John Paul Corcoran

Personal information
- Native name: Seán Pól Ó Corcáin (Irish)
- Nickname: JP
- Born: 1979 (age 46–47) Callan, County Kilkenny, Ireland
- Occupation: Chimney cleaner
- Height: 5 ft 11 in (180 cm)

Sport
- Sport: Hurling
- Position: Full-back

Club
- Years: Club
- John Locke's

Club titles
- Kilkenny titles: 0

Inter-county
- Years: County
- 2000–2001: Kilkenny

Inter-county titles
- Leinster titles: 2
- All-Irelands: 1
- NHL: 0
- All Stars: 0

= John Paul Corcoran =

Irish hurler

John Paul Corcoran (born 1979) is an Irish former hurler. At club level, he played with John Locke's and at inter-county level with the Kilkenny senior hurling team.

==Career==

Born and raised in Callan, County Kilkenny, Corcoran played hurling at all levels as a student at Coláiste Éamann Rís. He was part of the school's senior team that won the Leinster Colleges SHC title after a 1-10 to 0-09 defeat of St Kieran's College in 1998.
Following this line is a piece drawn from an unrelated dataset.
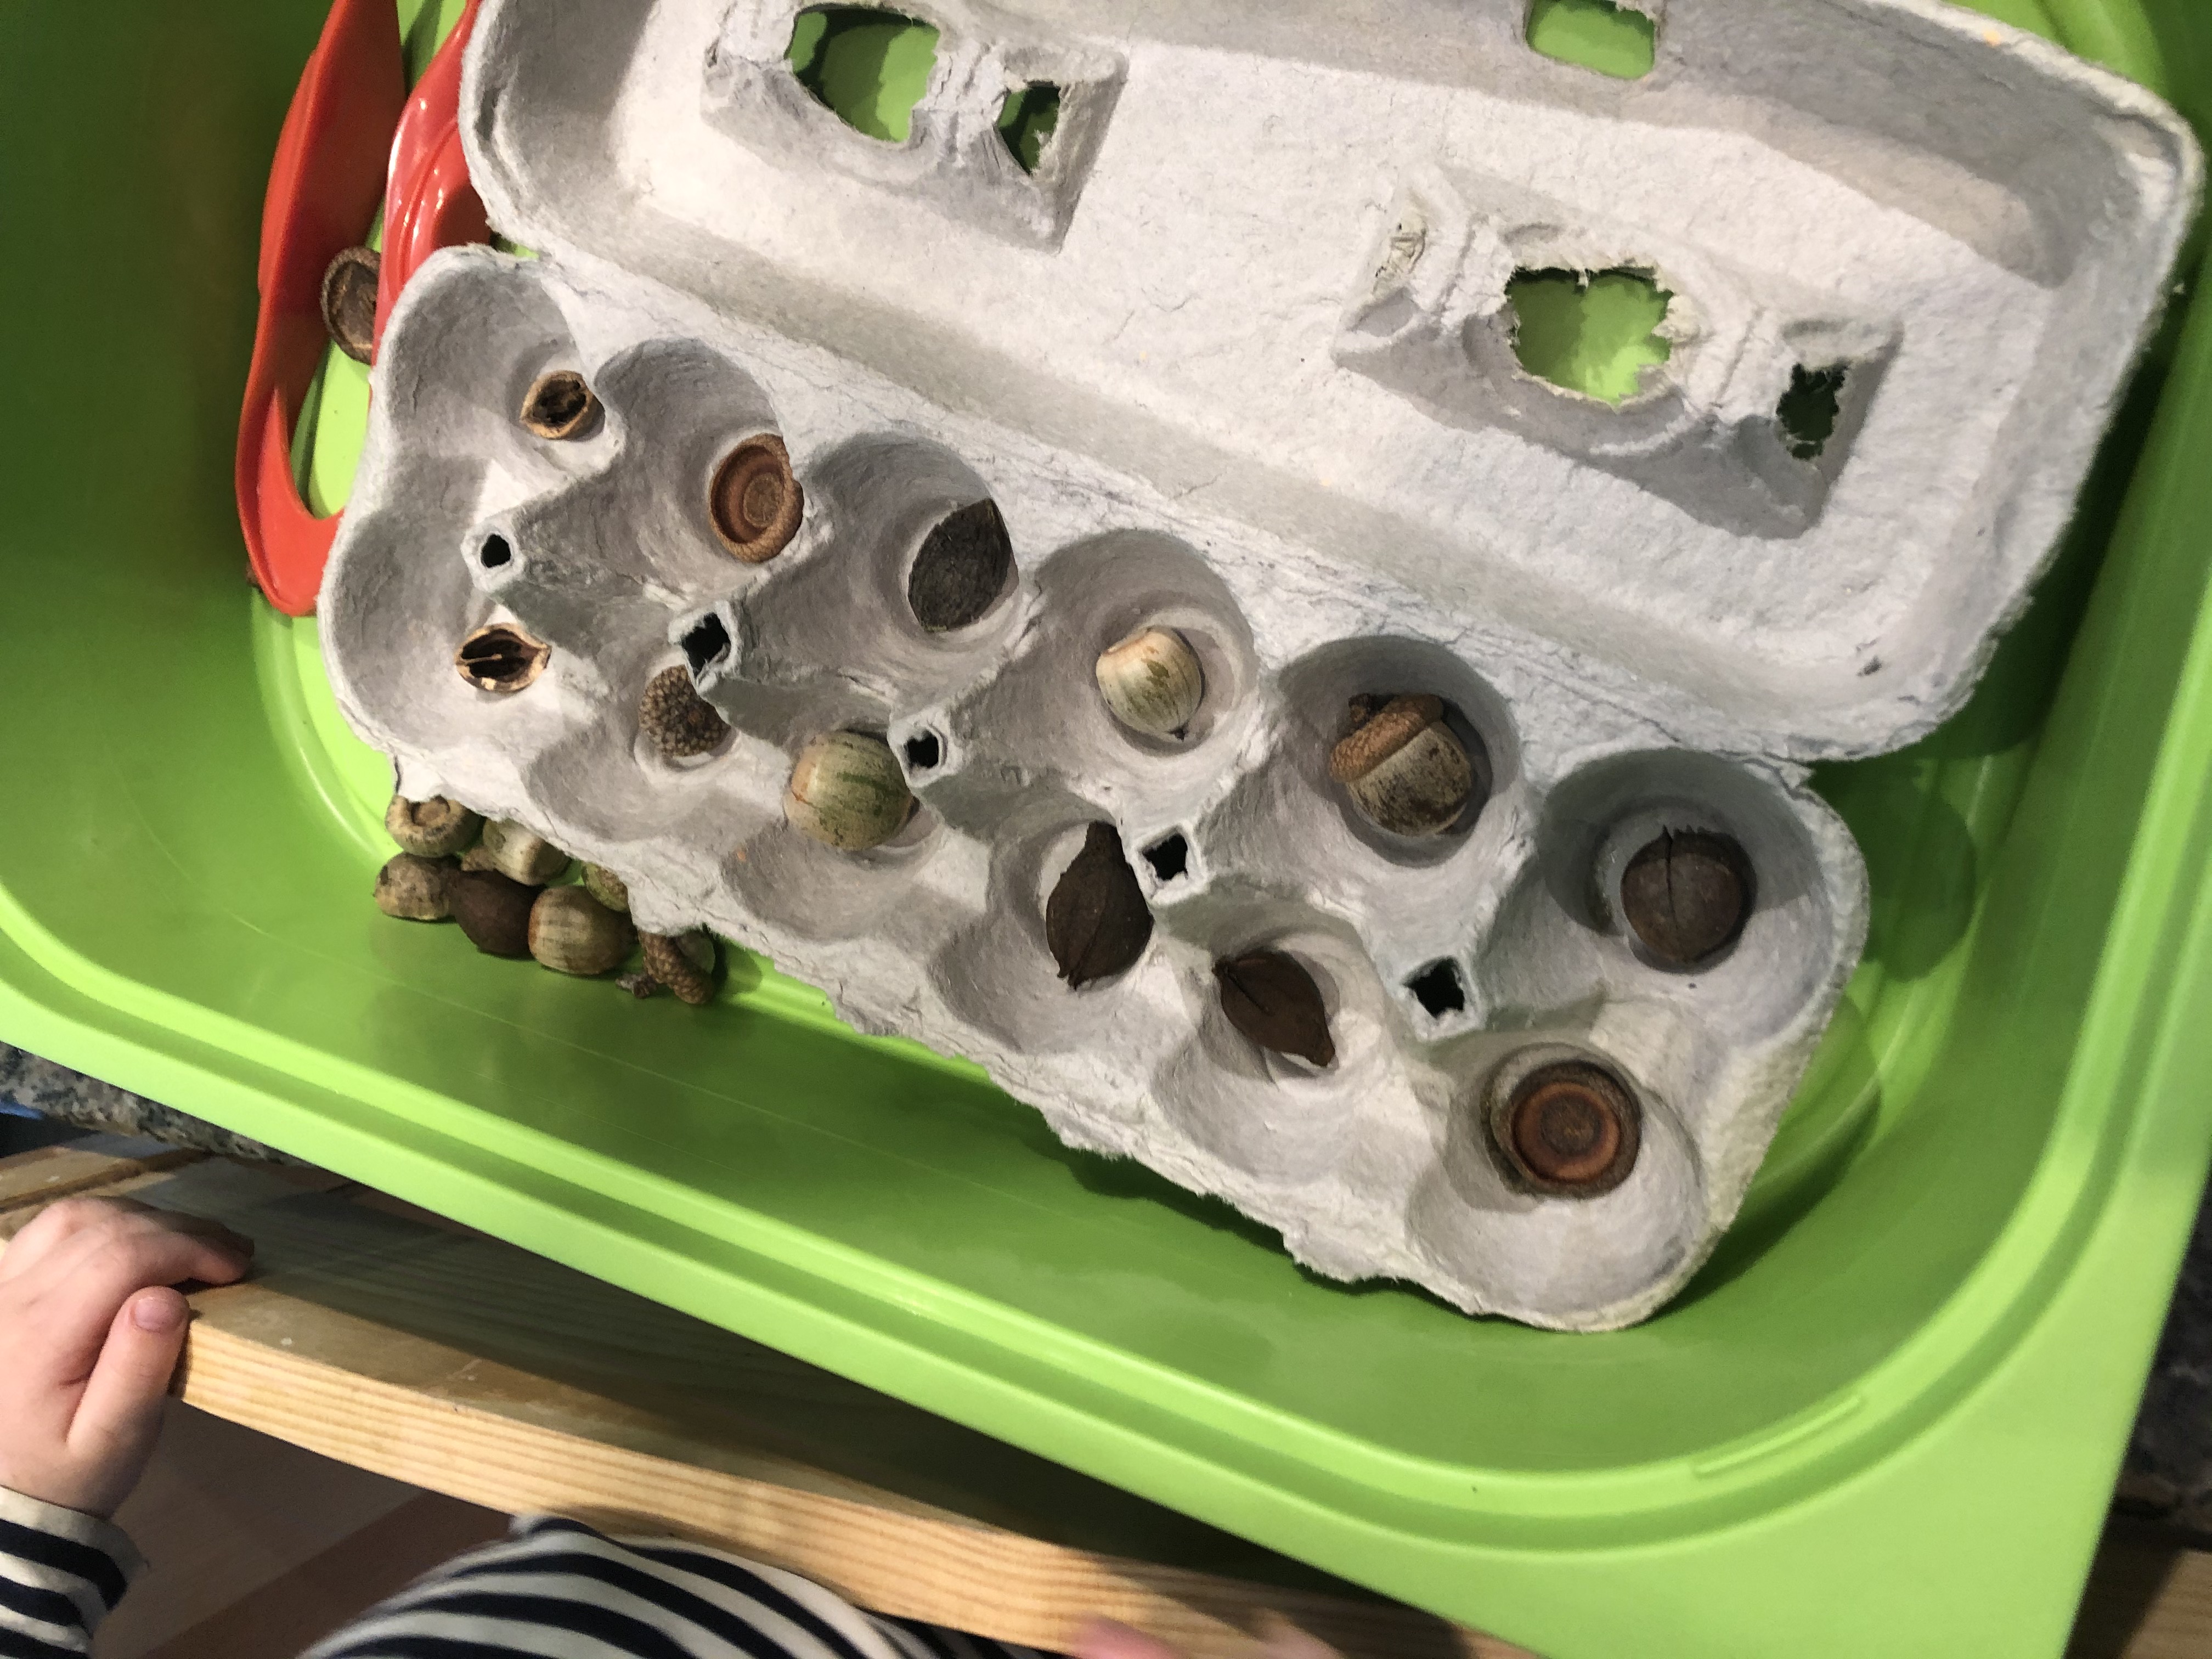 loose parts play: child placing acorns in egg carton with tweezers.

At club level, Corcoran first played for John Locke's at juvenile and underage levels. He won a Kilkenny MBHC medal in 1997 before progressing to the club's adult team. Corcoran was at midfield when John Locke's beat Mullinavat by 0–15 to 1–09 to win the Kilkenny IHC in 1999. After winning Kilkenny JHC and Leinster Club JHC medals in 2010, he was part of the John Locke's team beaten by Meelin in the 2011 All-Ireland Club JHC final.

Corcoran first appeared on the inter-county scene with Kilkenny as part of the minor team that won the Leinster MHC title in 1997. He progressed to the under-21 team and won an All-Ireland U21HC medal after a 1–13 to 0-14 win over Galway in the All-Ireland U21HC final.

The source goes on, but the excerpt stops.